TASK TO CARRY OUT. Word for word, restate the lines from the one containing "This sculptural side" through the last line of the material, and include no pictures.

Segment Start: DATASET SECTION

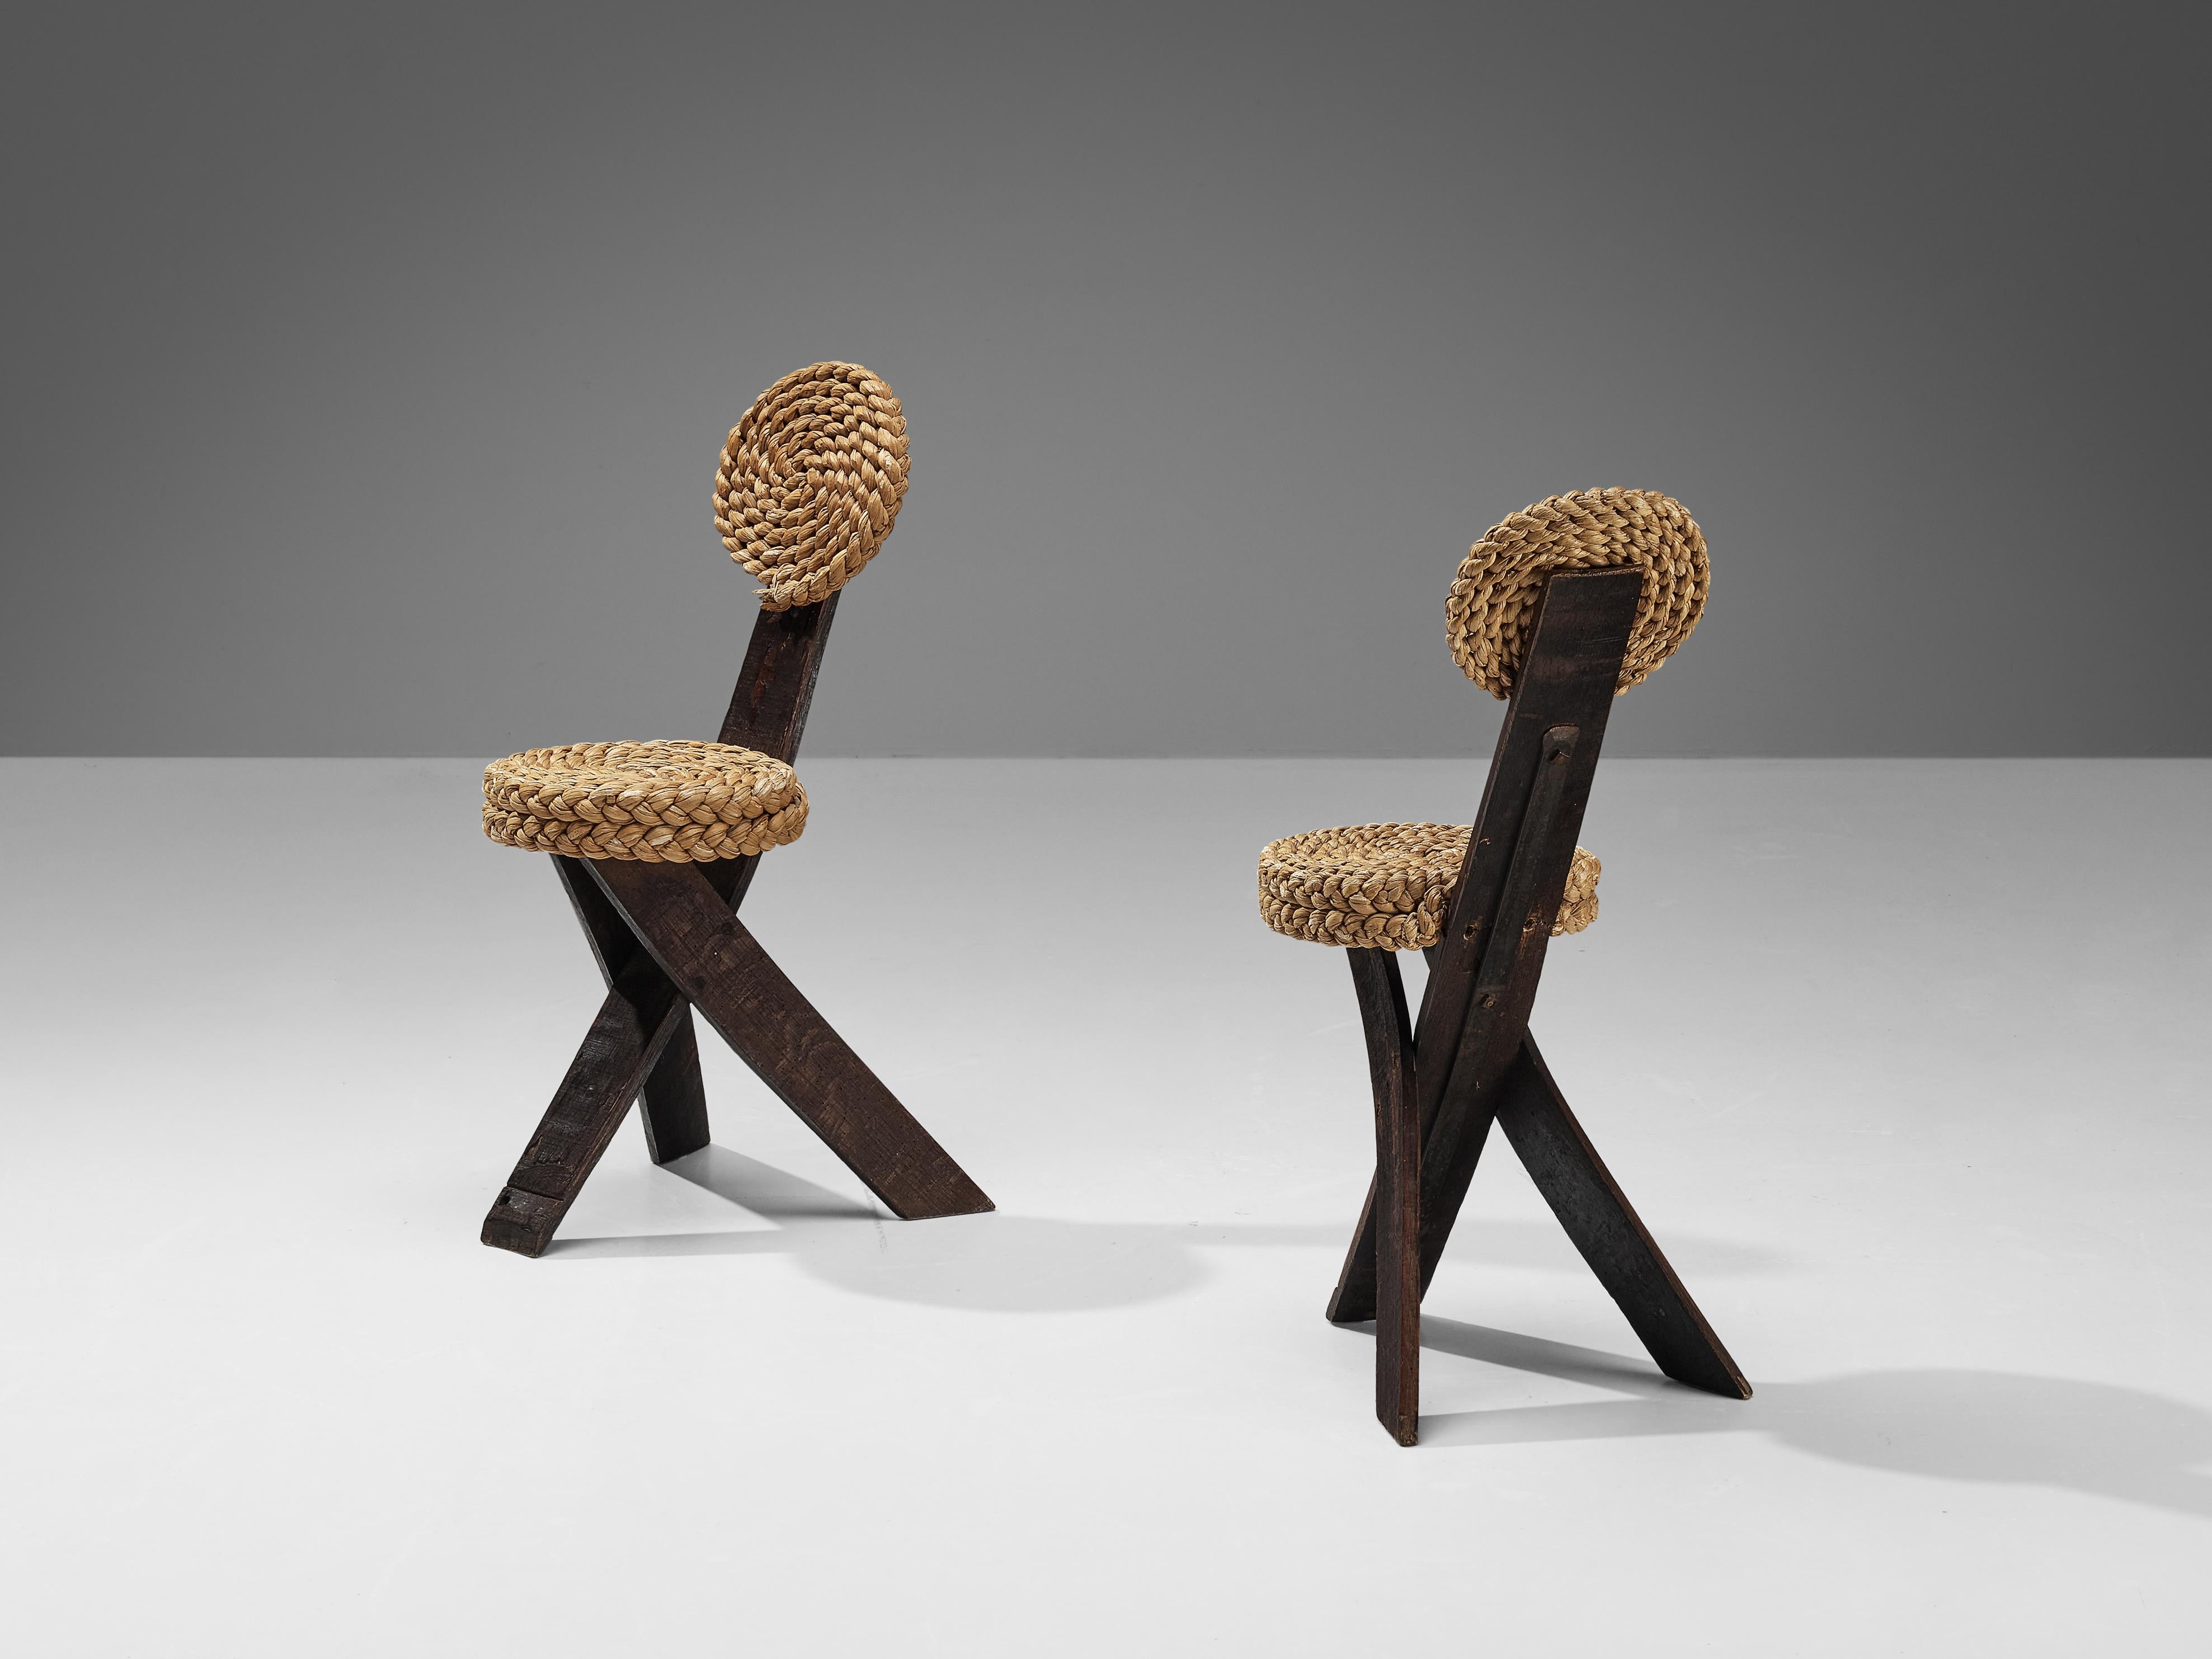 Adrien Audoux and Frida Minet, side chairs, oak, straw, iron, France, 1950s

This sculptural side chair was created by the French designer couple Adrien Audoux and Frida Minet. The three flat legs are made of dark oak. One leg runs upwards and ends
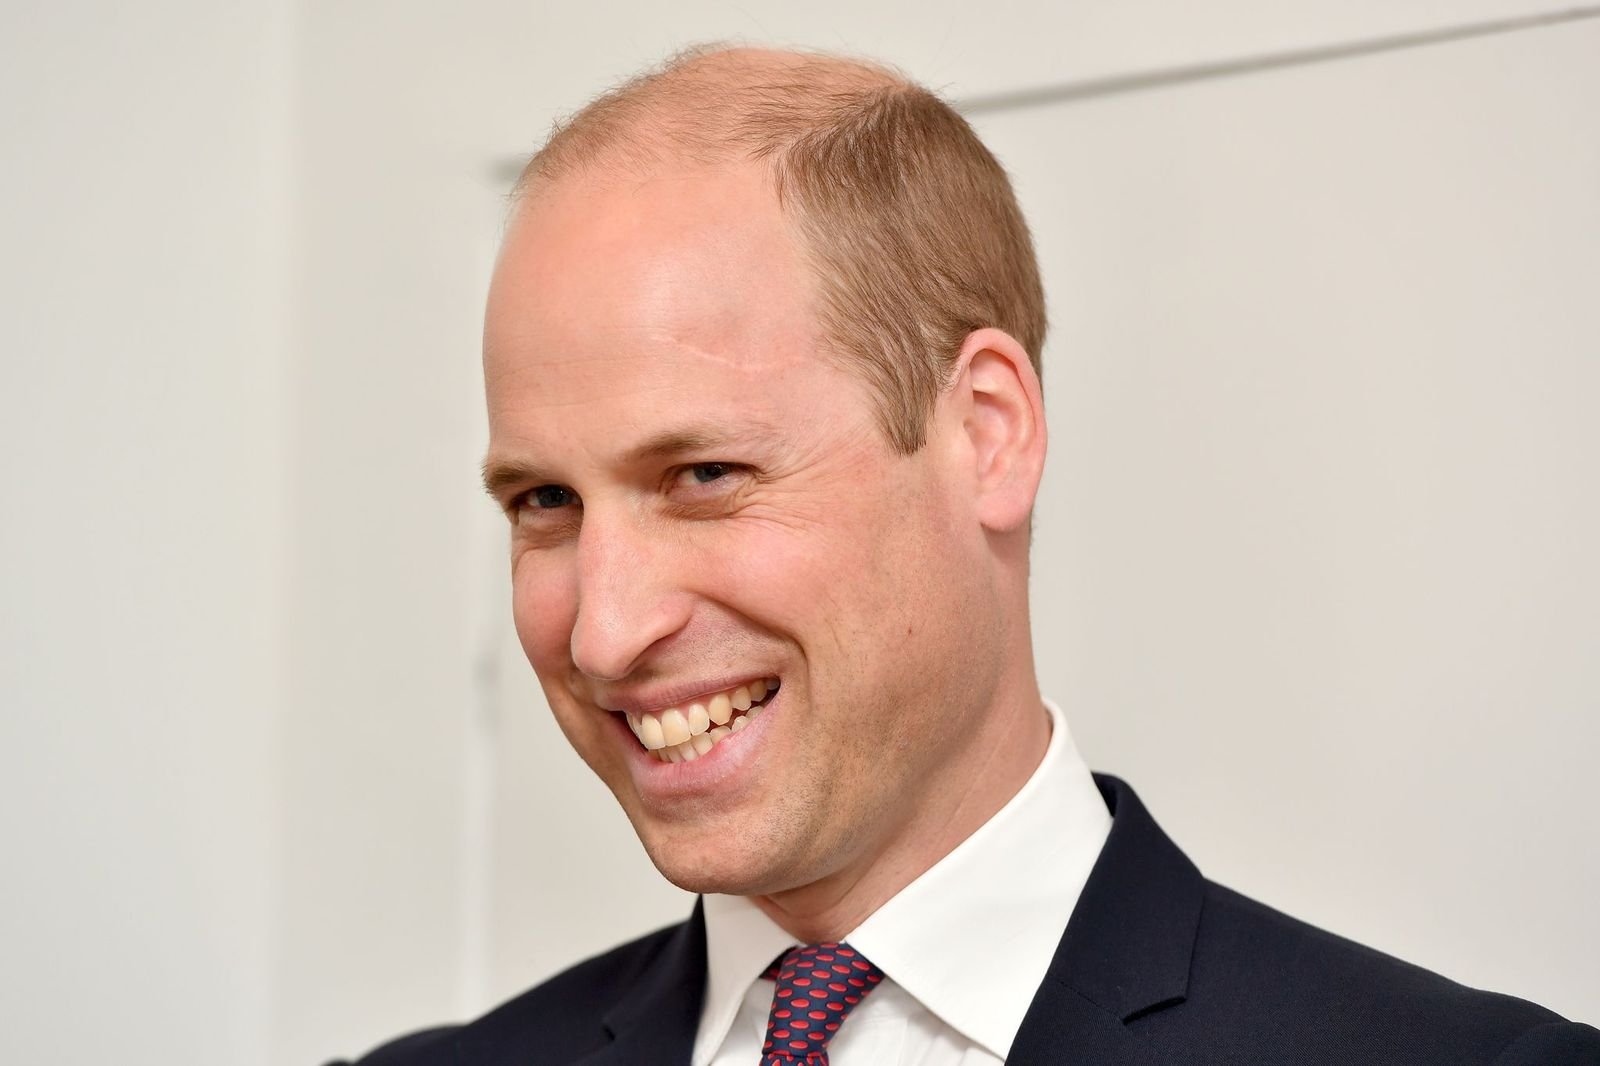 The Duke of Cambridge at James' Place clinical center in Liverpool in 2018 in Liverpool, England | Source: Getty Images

Segment End: DATASET SECTION

OUTPUT FOR THIS EXERCISE.
This sculptural side chair was created by the French designer couple Adrien Audoux and Frida Minet. The three flat legs are made of dark oak. One leg runs upwards and ends
 The Duke of Cambridge at James' Place clinical center in Liverpool in 2018 in Liverpool, England | Source: Getty Images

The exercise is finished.